Épisode 10 : Après le Premier Pas (1969-1972)

– Épisode 1 : Les Fondations (1945-1957)
– Épisode 2 : Le Choc (Octobre 1957)
– Épisode 3 : La Réponse Chaotique (1957-1958)
– Épisode 4 : Les Premières Tentatives (1958-1961)
– Épisode 5 : Toujours en retard (1961-1963)
– Épisode 6 : L’École de l’Espace (1964-1966)
– Épisode 7 : Préparer le Terrain (1961-1968)
– Épisode 8 : Le Drame et la Reprise (1967-1968)
– Épisode 9 : L’Objectif (Juillet 1969)

Introduction : Le premier pas ne fait pas la fin

Tu te souviens de la dernière promesse de l’épisode 9 ? Apollo 11 n’était pas un point final, c’était un point de départ, et je t’ai dit qu’il restait encore tant d’histoires à raconter, d’Apollo 12 à Apollo 17. Eh bien on y est. Après le feu d’artifice du premier pas, la suite n’est pas une redite, c’est une montée en puissance : des atterrissages plus précis, des expéditions plus longues, des rovers, des missions scientifiques dignes de vrais géologues. Et au milieu de cette marche triomphale, il y a aussi un coup de tonnerre, une mission qui tourne au drame sans jamais se poser. Bref, la Lune n’a pas fermé boutique, elle a ouvert un vrai chantier.

La Conquête Spatiale

Chapitre 1 : Apollo 12, la précision chirurgicale

Pete Conrad, Richard Gordon et Alan Bean

Apollo 12, c’est la mission du “on va le refaire, mais proprement”. Après l’exploit d’Apollo 11, la NASA doit prouver que ce n’était pas un coup de chance, mais une méthode. Le 14 novembre 1969, trois hommes décollent pour transformer l’exploit en routine maîtrisée. Pete Conrad, le commandant, c’est le vétéran de Gemini 5 et 11, un pilote ultra‑solide et un esprit moqueur qui casse la tension avec des blagues, mais qui pilote comme un métronome. Alan Bean, pilote du module lunaire, c’est le rookie de l’équipage, ancien pilote d’essai, calme et méthodique, celui qui va passer de “nouveau” à “marcheur lunaire” en une journée. Et Richard Gordon, pilote du module de commande, c’est le fidèle gardien en orbite, déjà passé par Gemini 11 avec Conrad, un duo qui se connaît par cœur et qui a déjà prouvé qu’il savait gérer des missions exigeantes.
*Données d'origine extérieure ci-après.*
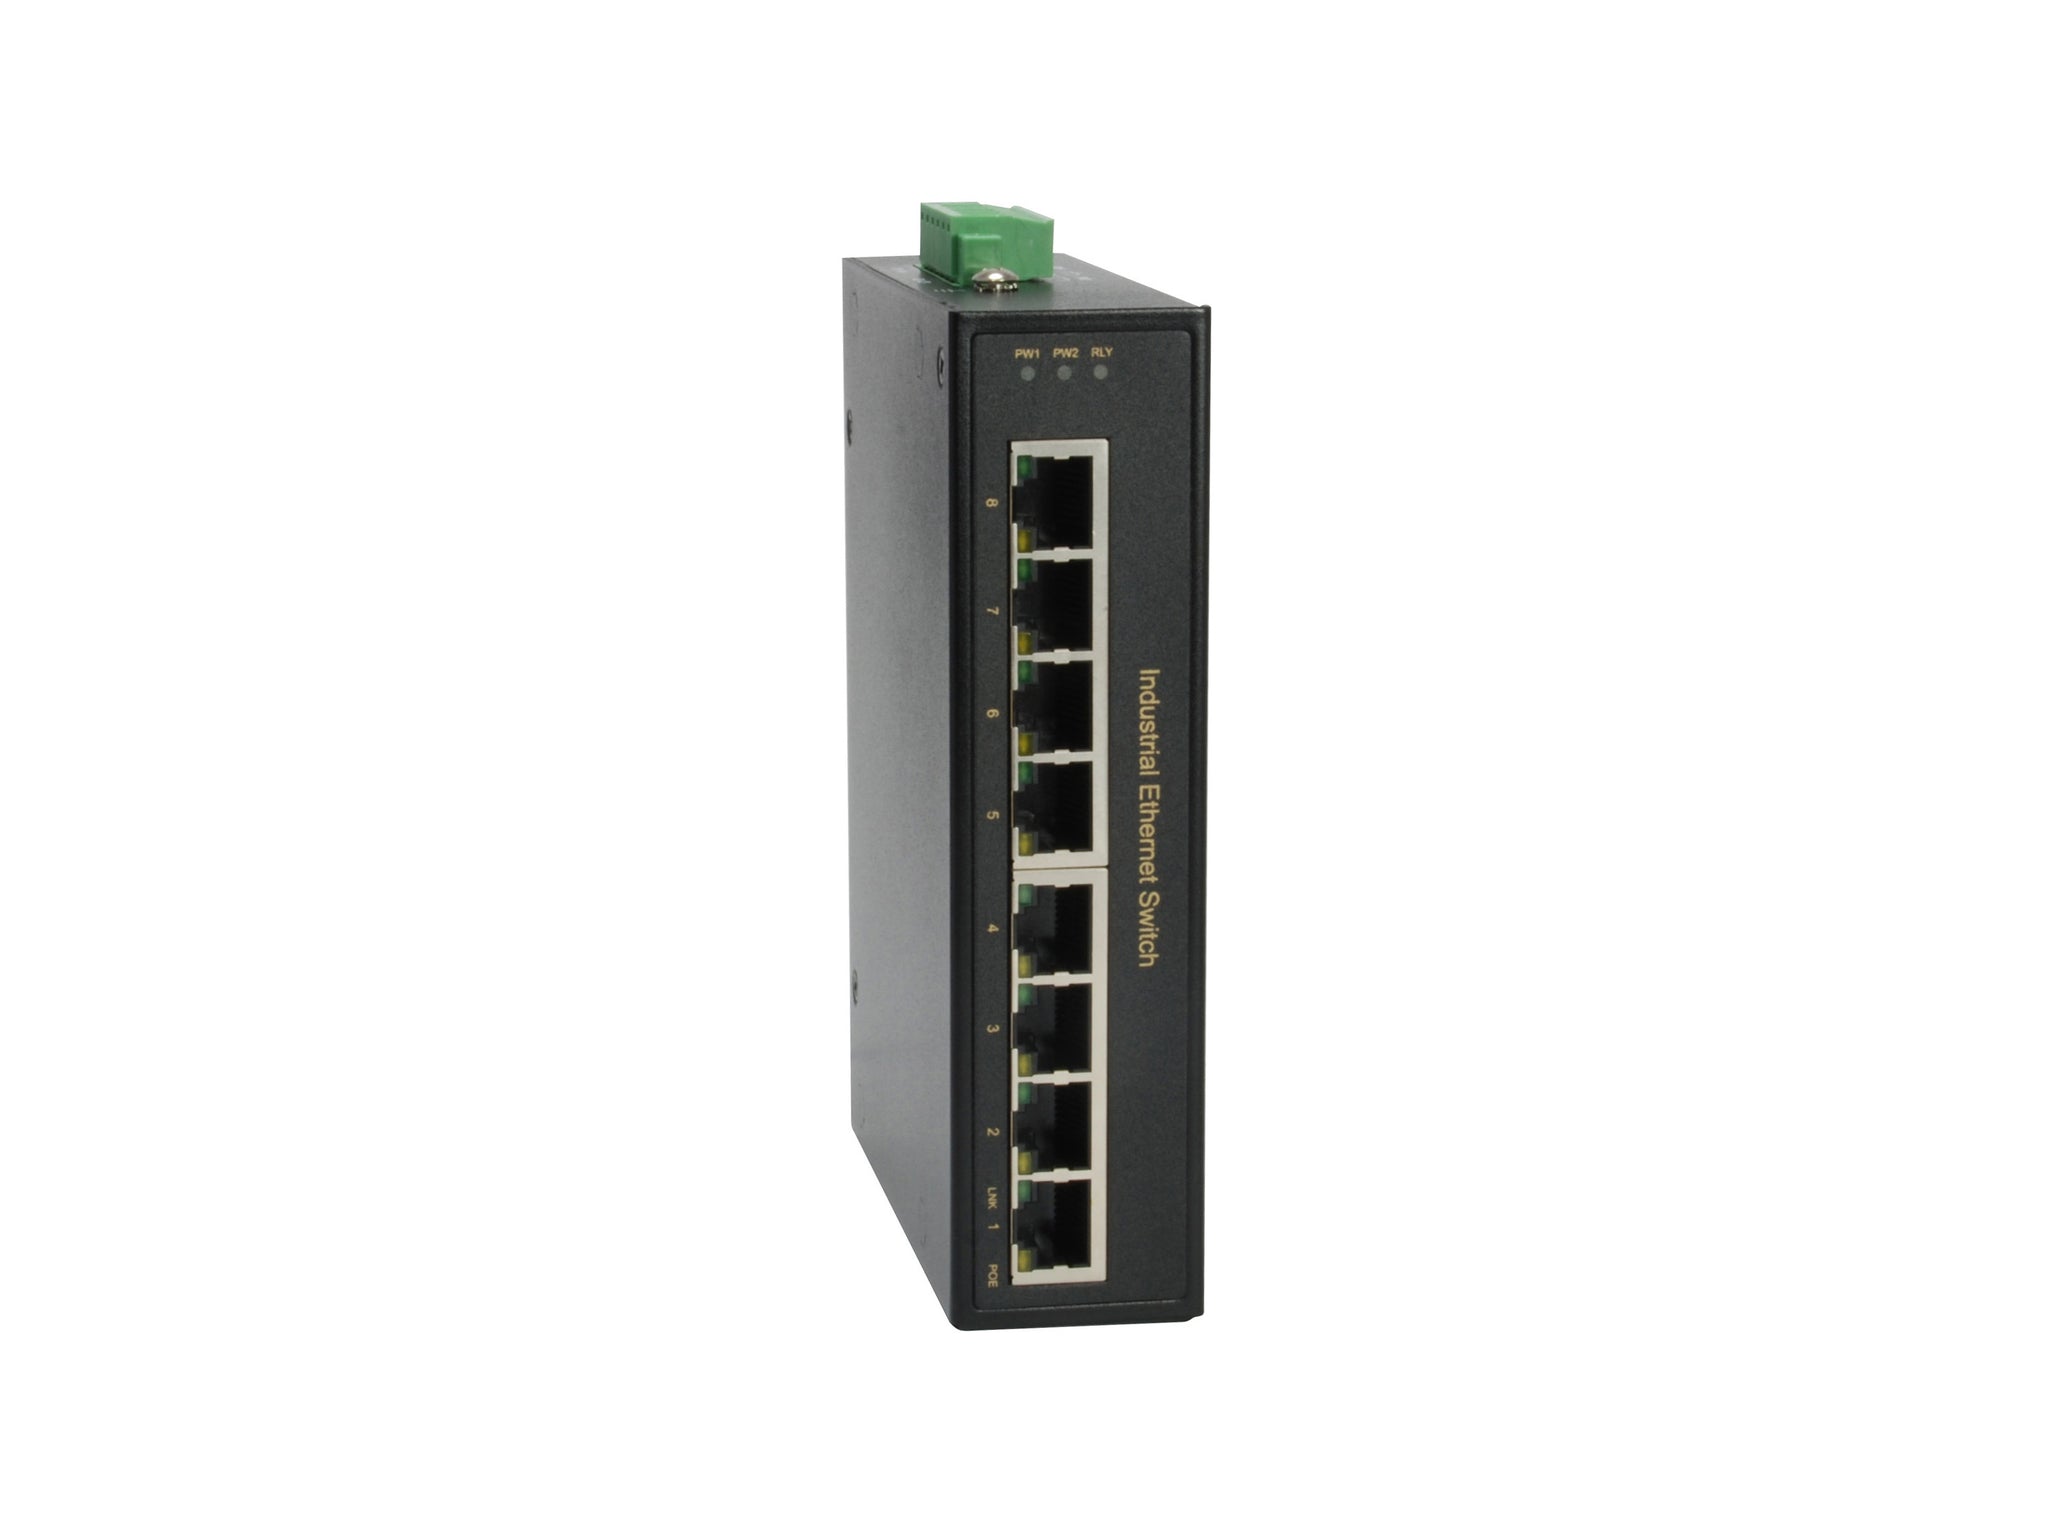 IFP-0801 8-Port Fast Ethernet PoE Industrial Switch, 4 PoE Outputs, 802.3at/af PoE, 126W

Leur objectif est clair : se poser là où on l’a décidé, et pas “quelque part sur la Lune”. Le module lunaire s’appelle Intrepid, le module de commande Yankee Clipper, et la cible, c’est l’Océan des Tempêtes. Le 19 novembre, Intrepid se pose à environ 160 mètres de Surveyor 3, un robot arrivé deux ans plus tôt. Là, on ne fait plus du symbolique, on fait du chirurgical : la NASA veut prouver qu’elle sait “viser”.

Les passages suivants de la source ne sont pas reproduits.